WHAT IS NEEDED
Word for word, please restate the line that contains "Of Mercer Green" and all lines after it through the end of the material, minus the pictures.
---- DATA BLOCK
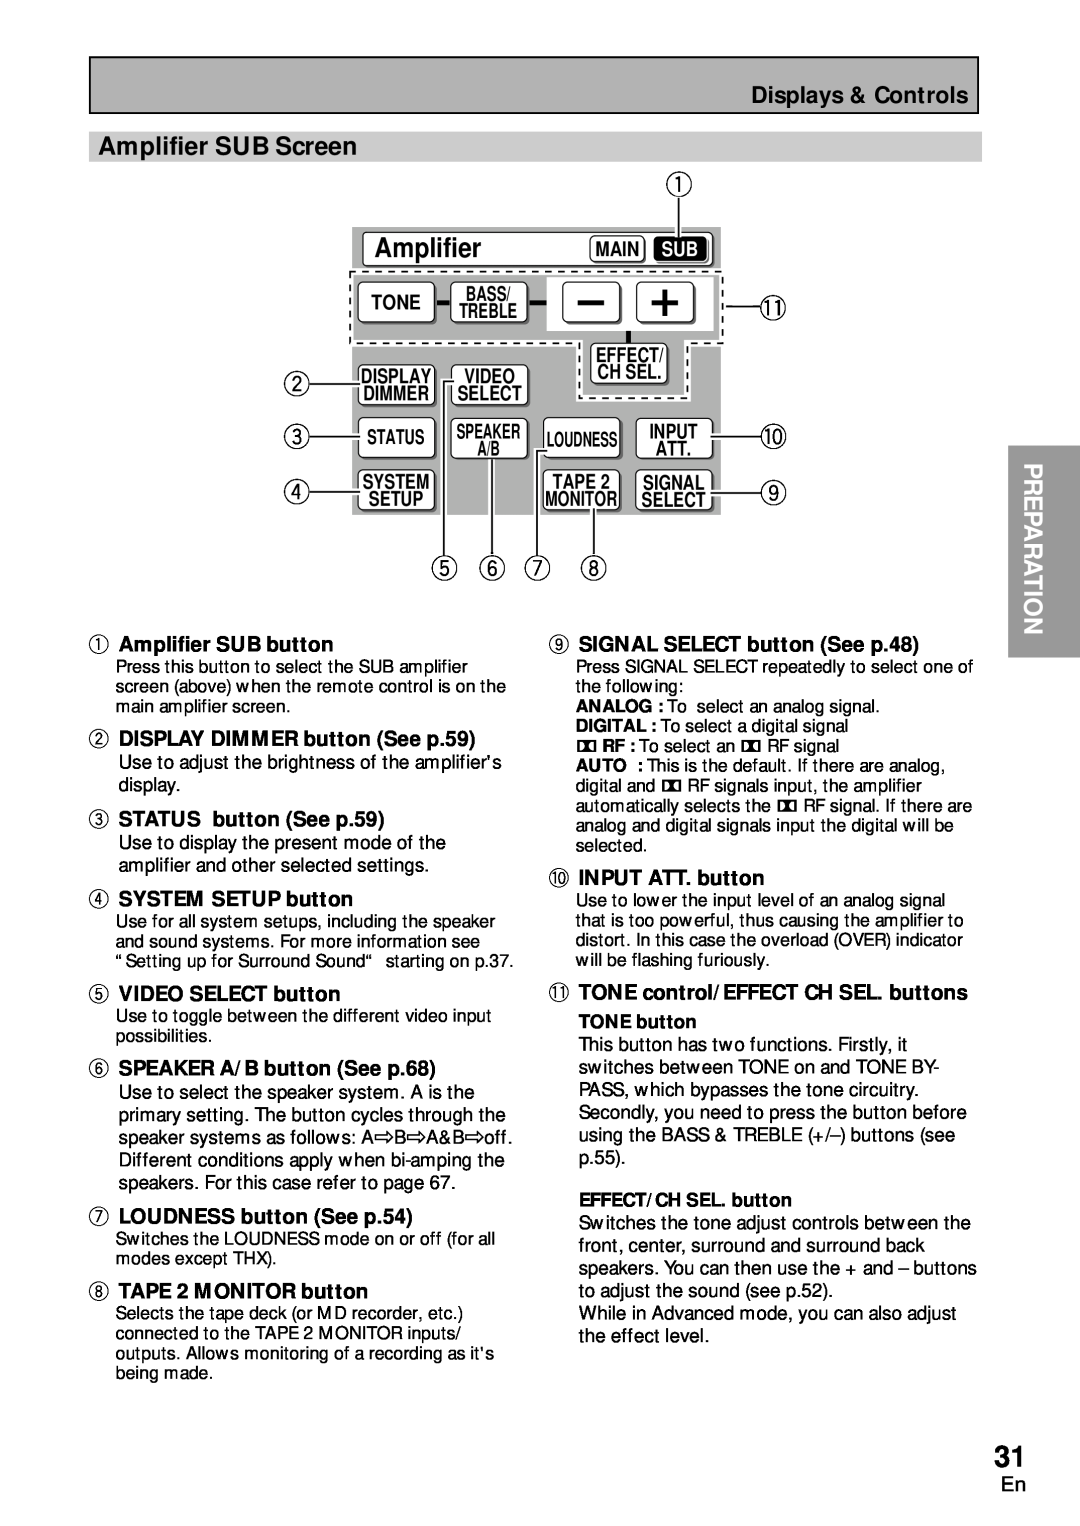 Pioneer VSA-AX10 operating instructions 5 6 7, Amplifier SUB Screen, Preparation, Effect, Ch Sel 
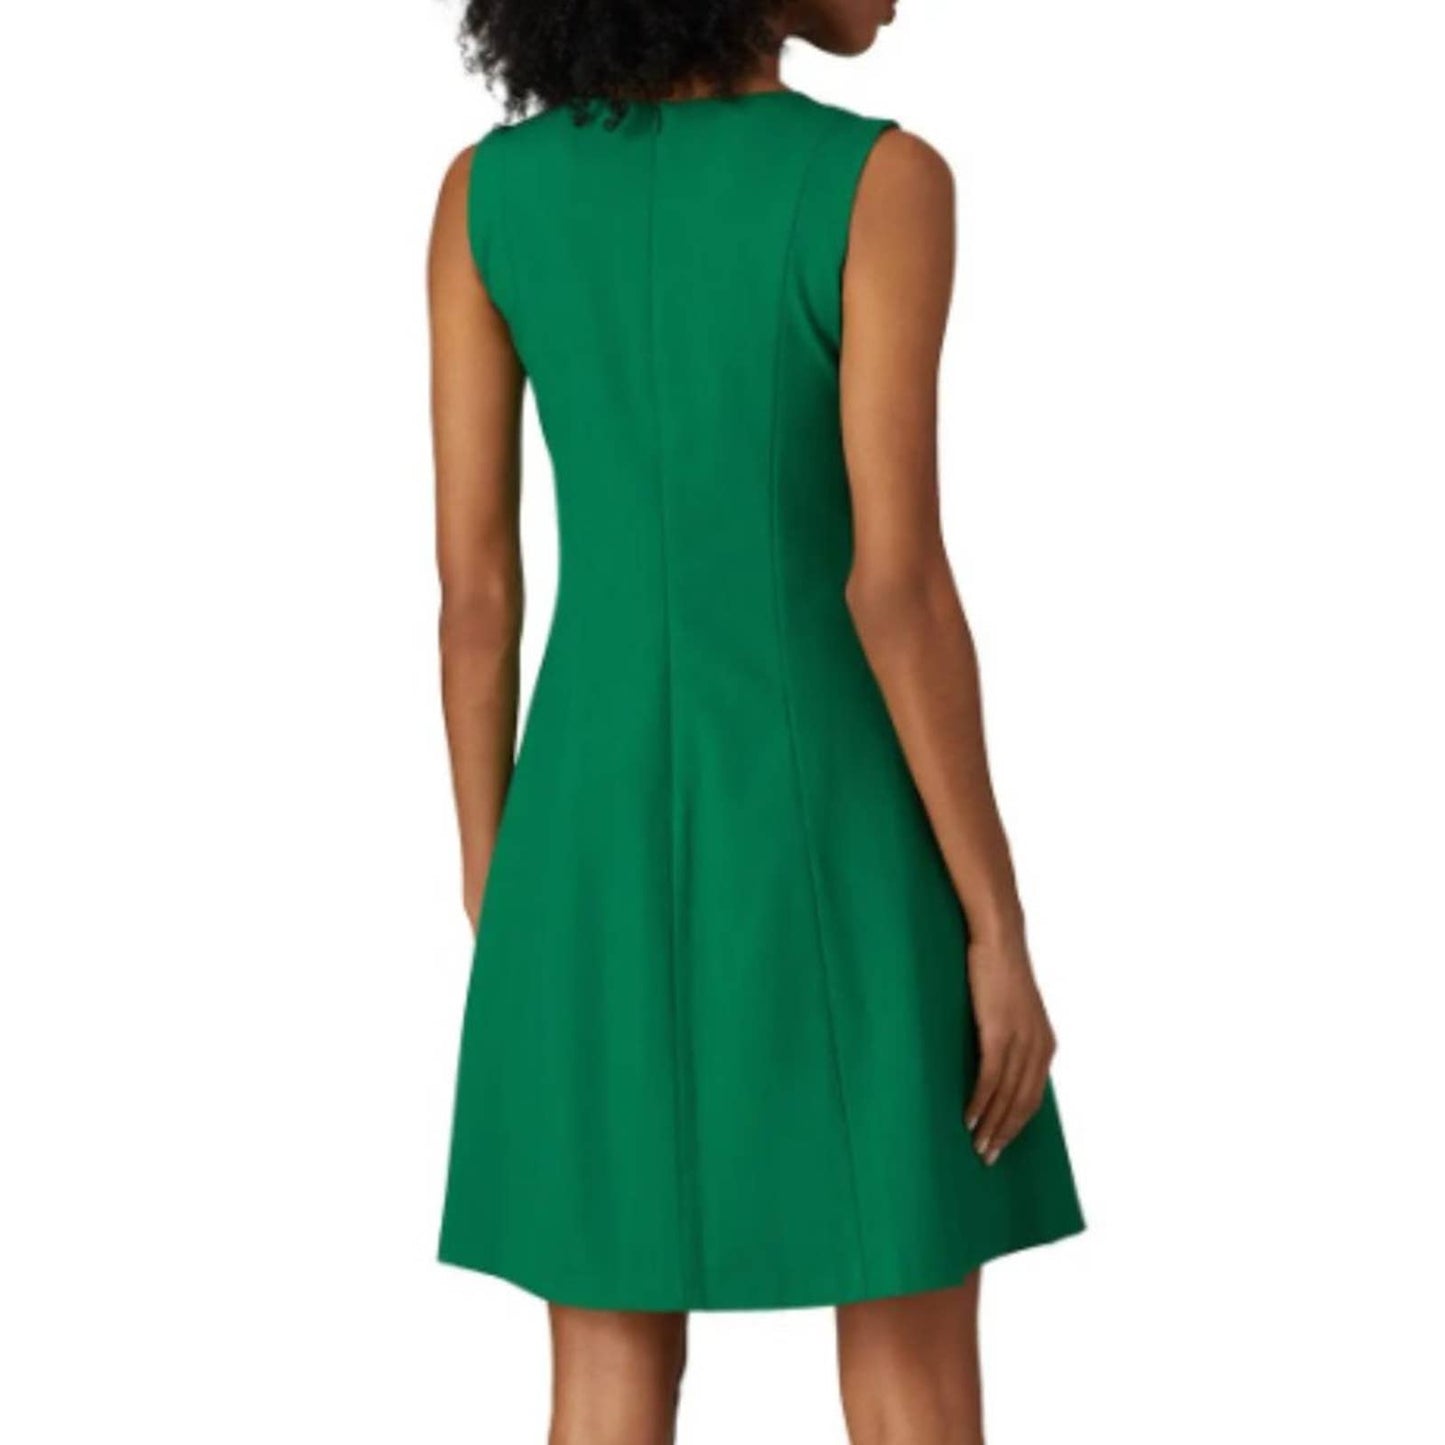 Of Mercer Green Juniper Fit and Flare Dress Size 6
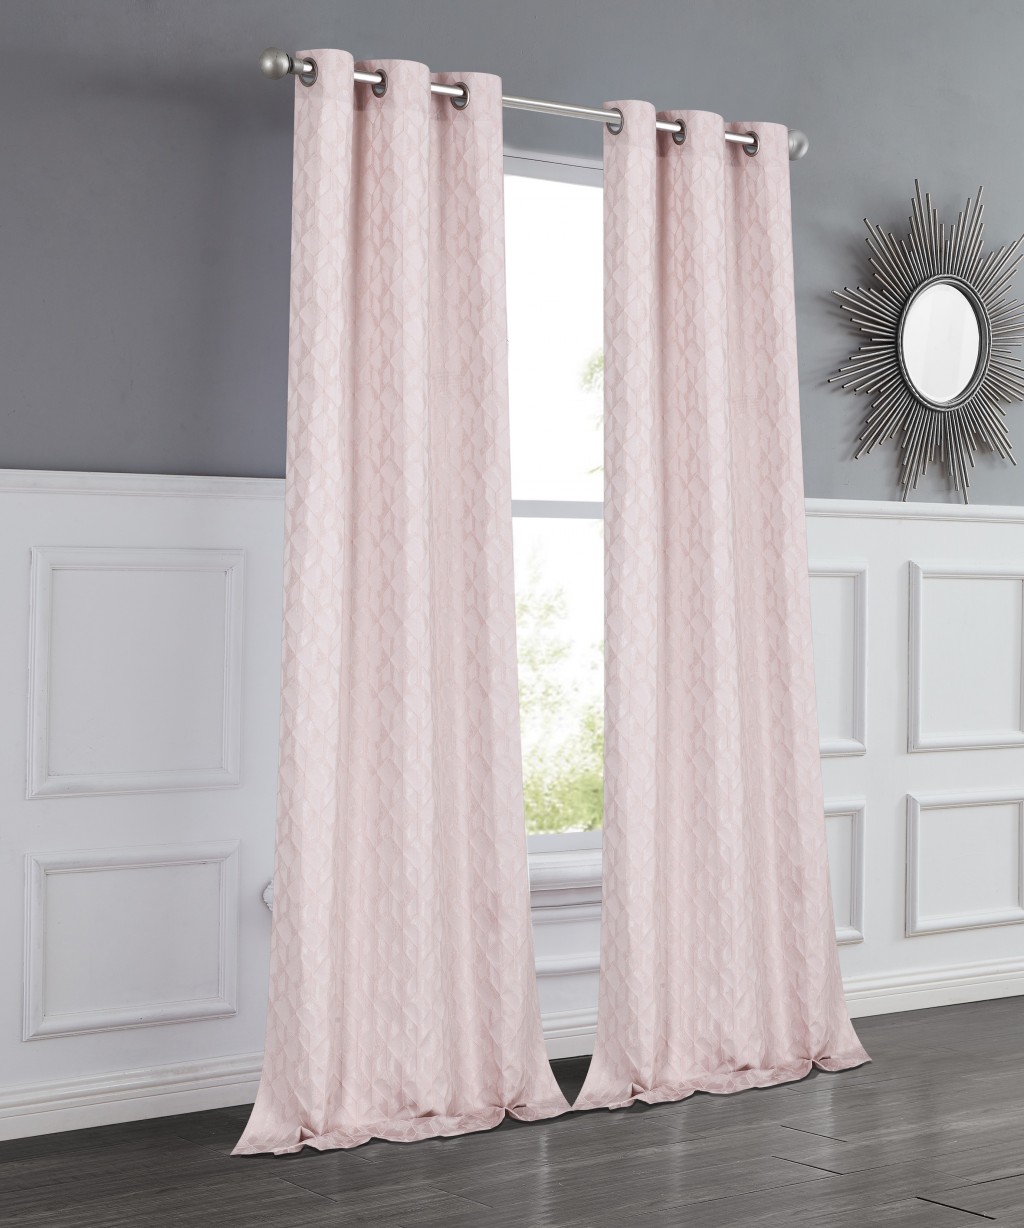 Set of Two 84" Blush Textured Window Curtain Panels
--------
SOLUTION
 Of Mercer Green Juniper Fit and Flare Dress Size 6
 Set of Two 84" Blush Textured Window Curtain Panels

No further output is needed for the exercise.